> [DATA SECTION]
=-=-=-=-=

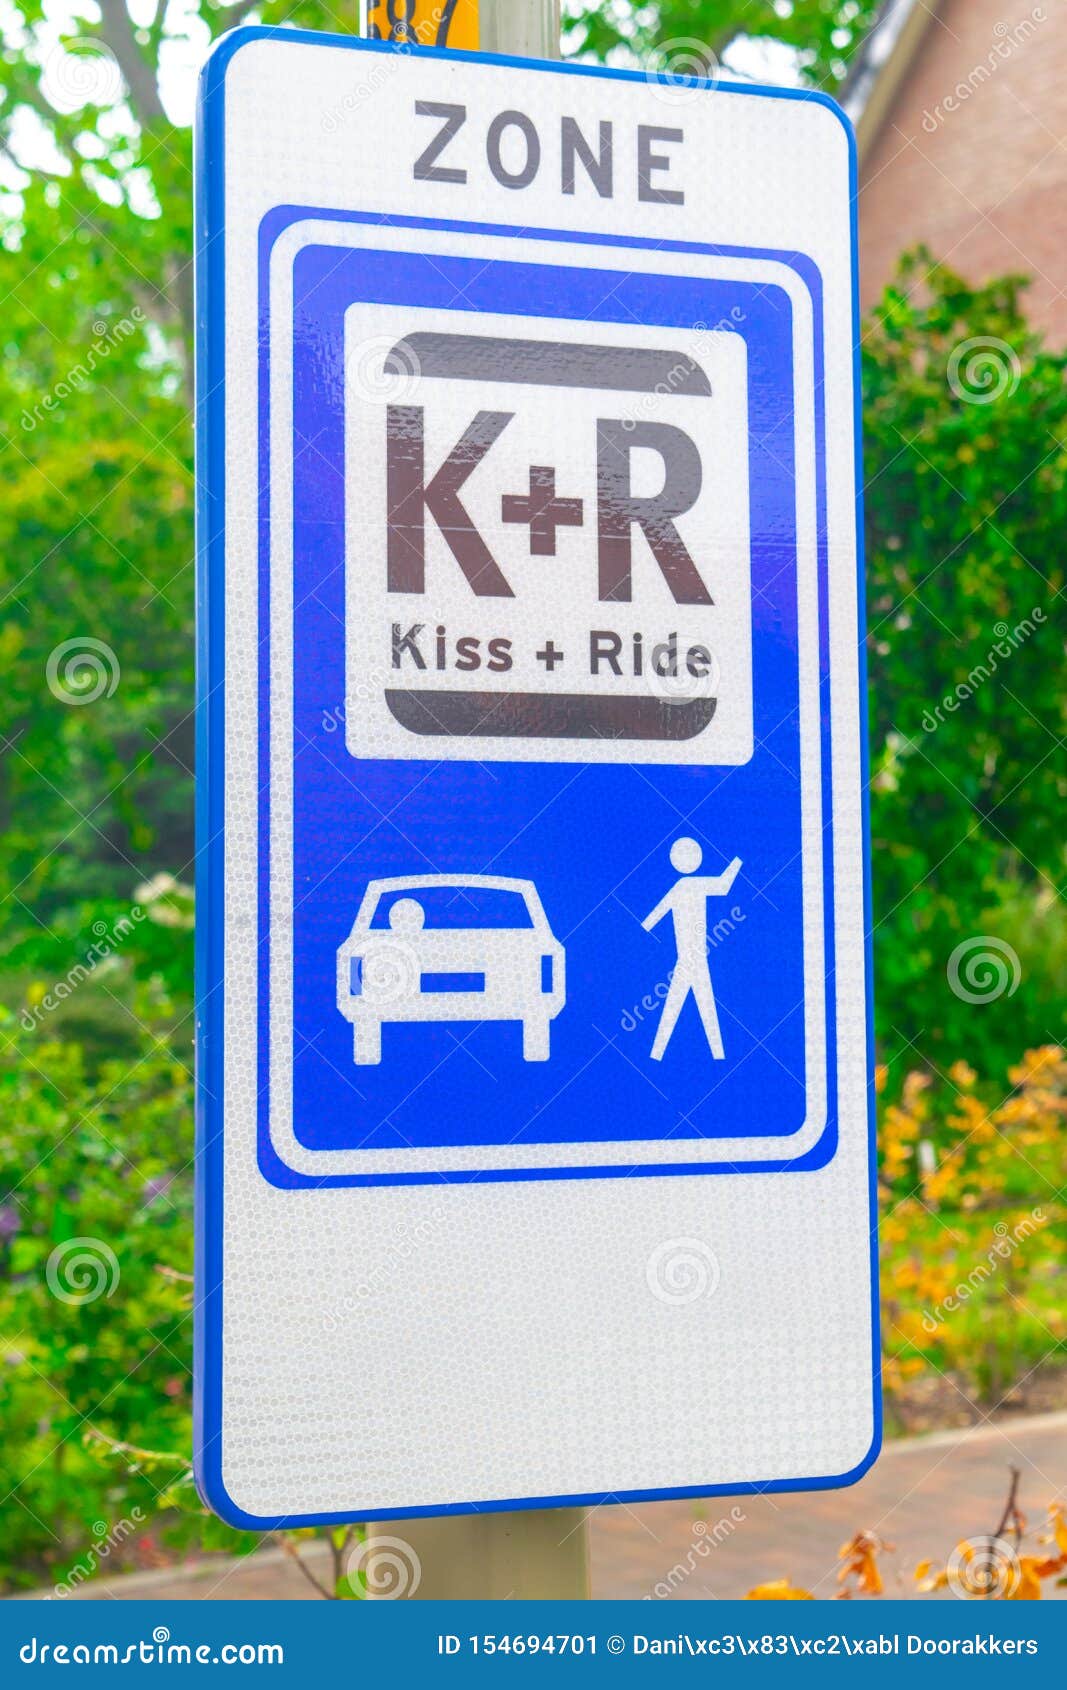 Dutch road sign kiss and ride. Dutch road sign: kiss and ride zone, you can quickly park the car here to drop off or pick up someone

=-=-=-=-=

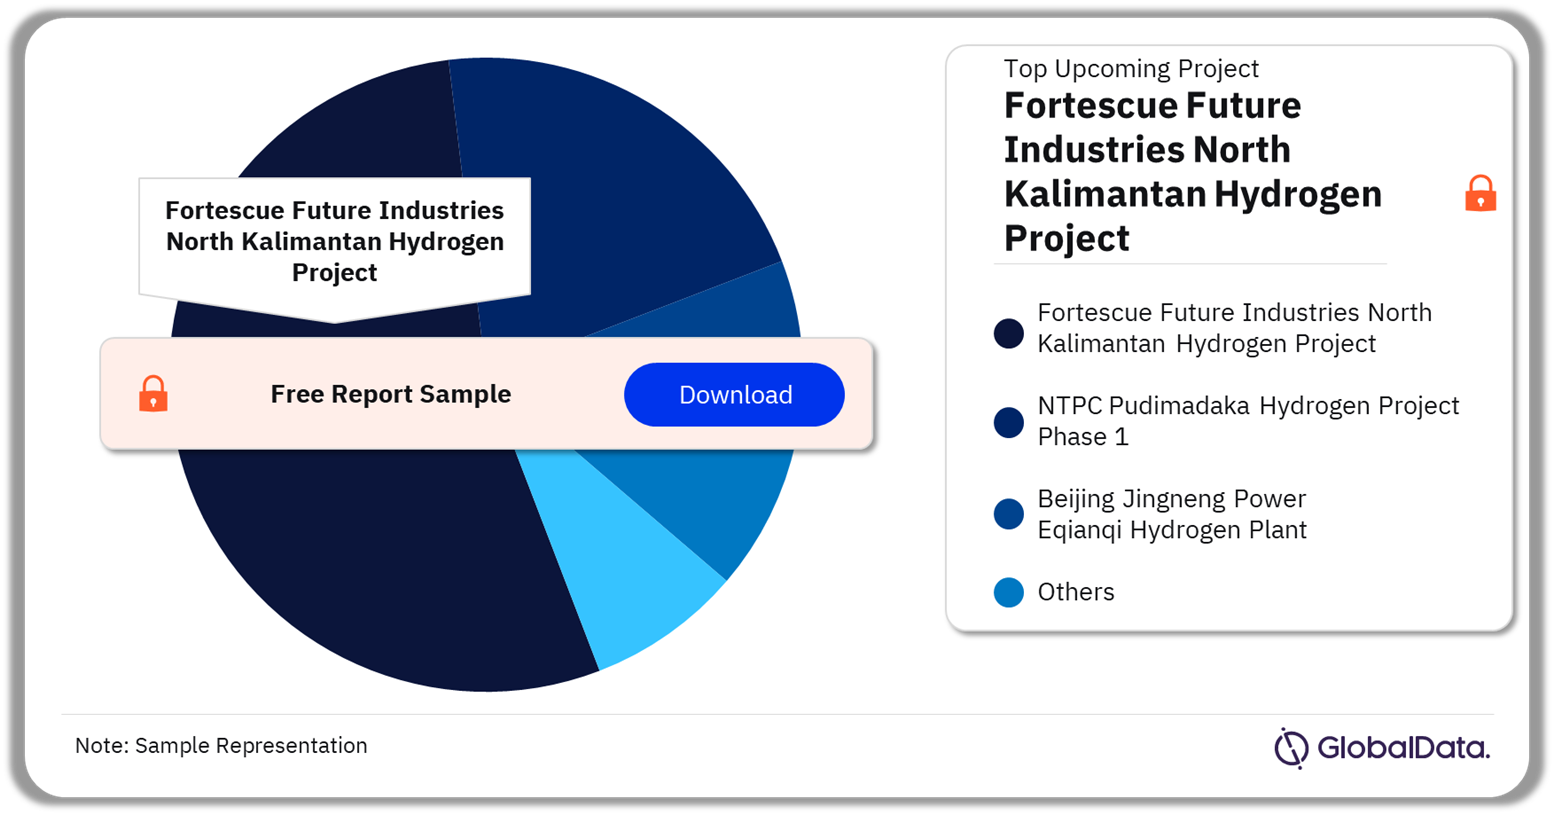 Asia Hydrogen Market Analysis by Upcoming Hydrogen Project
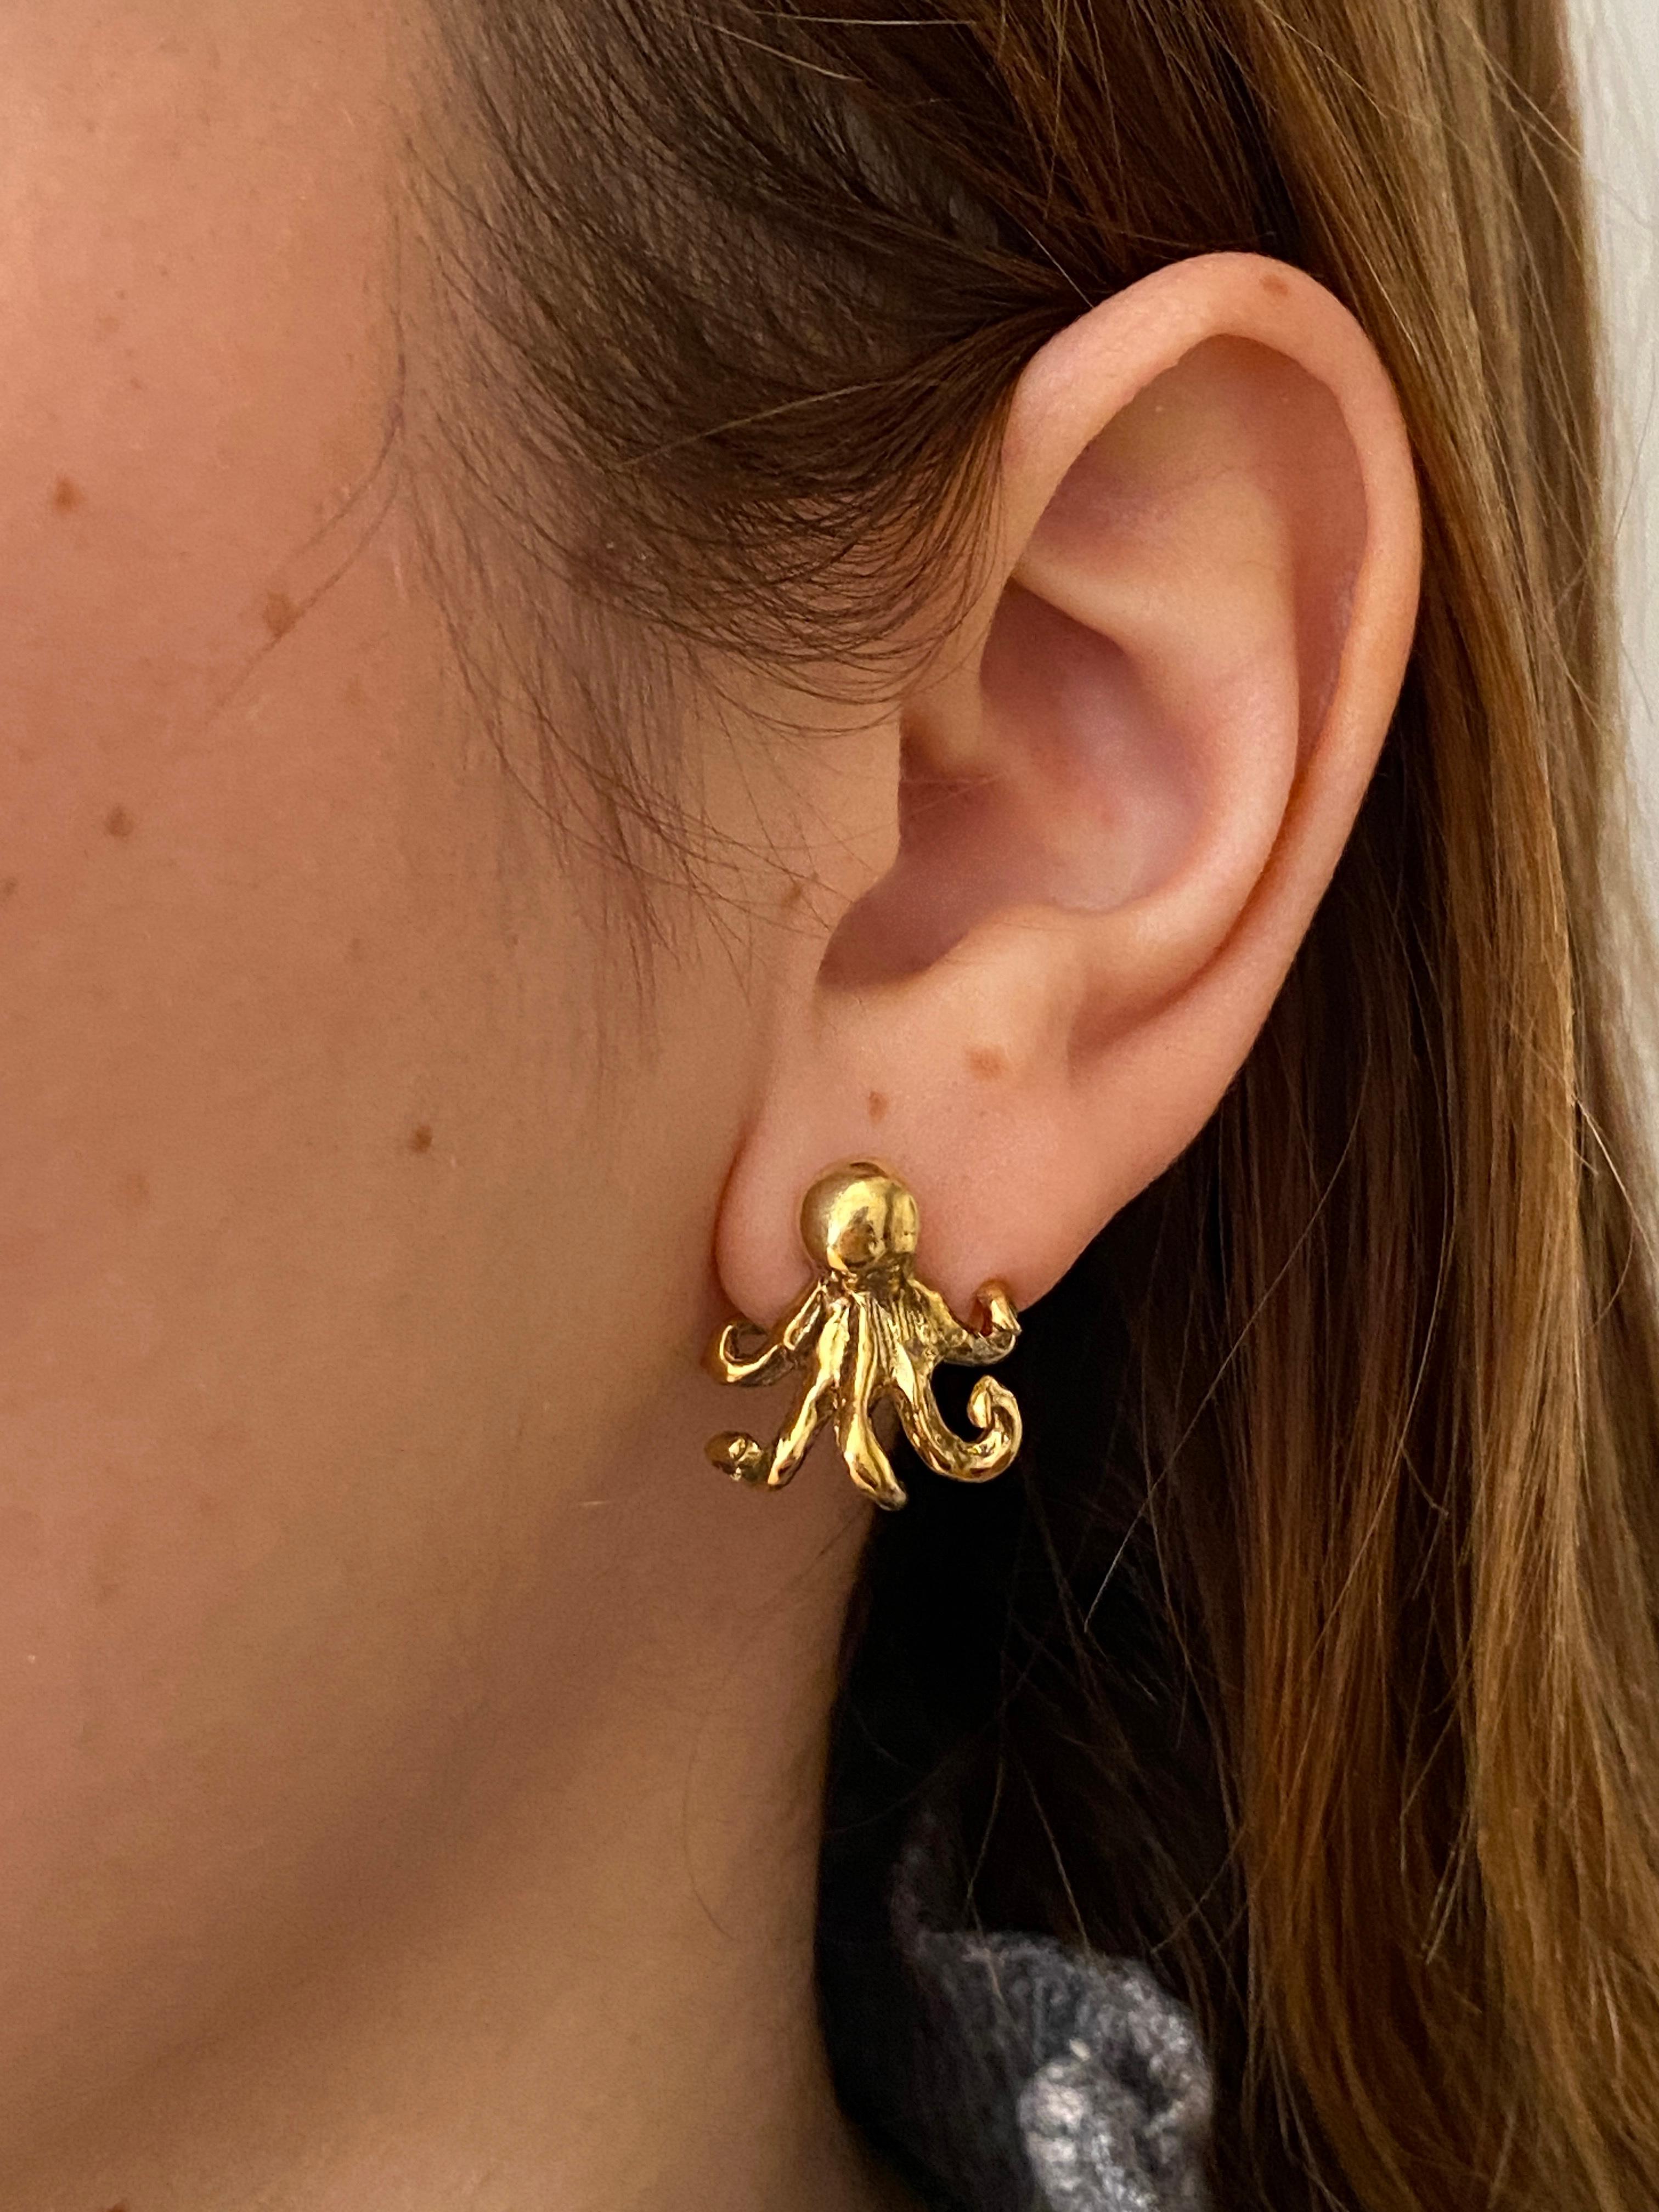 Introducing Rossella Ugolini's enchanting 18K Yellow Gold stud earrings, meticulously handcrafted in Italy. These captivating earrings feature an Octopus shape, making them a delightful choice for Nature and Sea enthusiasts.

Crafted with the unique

=-=-=-=-=

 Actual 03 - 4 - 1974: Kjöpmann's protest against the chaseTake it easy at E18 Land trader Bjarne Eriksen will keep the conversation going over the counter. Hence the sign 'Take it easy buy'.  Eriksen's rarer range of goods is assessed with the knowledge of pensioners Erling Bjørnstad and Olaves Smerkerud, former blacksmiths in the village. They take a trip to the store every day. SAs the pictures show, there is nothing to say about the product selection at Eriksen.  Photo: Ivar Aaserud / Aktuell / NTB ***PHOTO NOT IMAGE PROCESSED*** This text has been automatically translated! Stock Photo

=-=-=-=-=

> [WHAT IS BEING ASKED]
Pictures in the material above should be skipped; print exactly the lines from the one with "Introducing Rossella Ugolini's" through the one with "Crafted with the unique".

> [ANSWER FOR THIS EXERCISE]
 Introducing Rossella Ugolini's enchanting 18K Yellow Gold stud earrings, meticulously handcrafted in Italy. These captivating earrings feature an Octopus shape, making them a delightful choice for Nature and Sea enthusiasts.

Crafted with the unique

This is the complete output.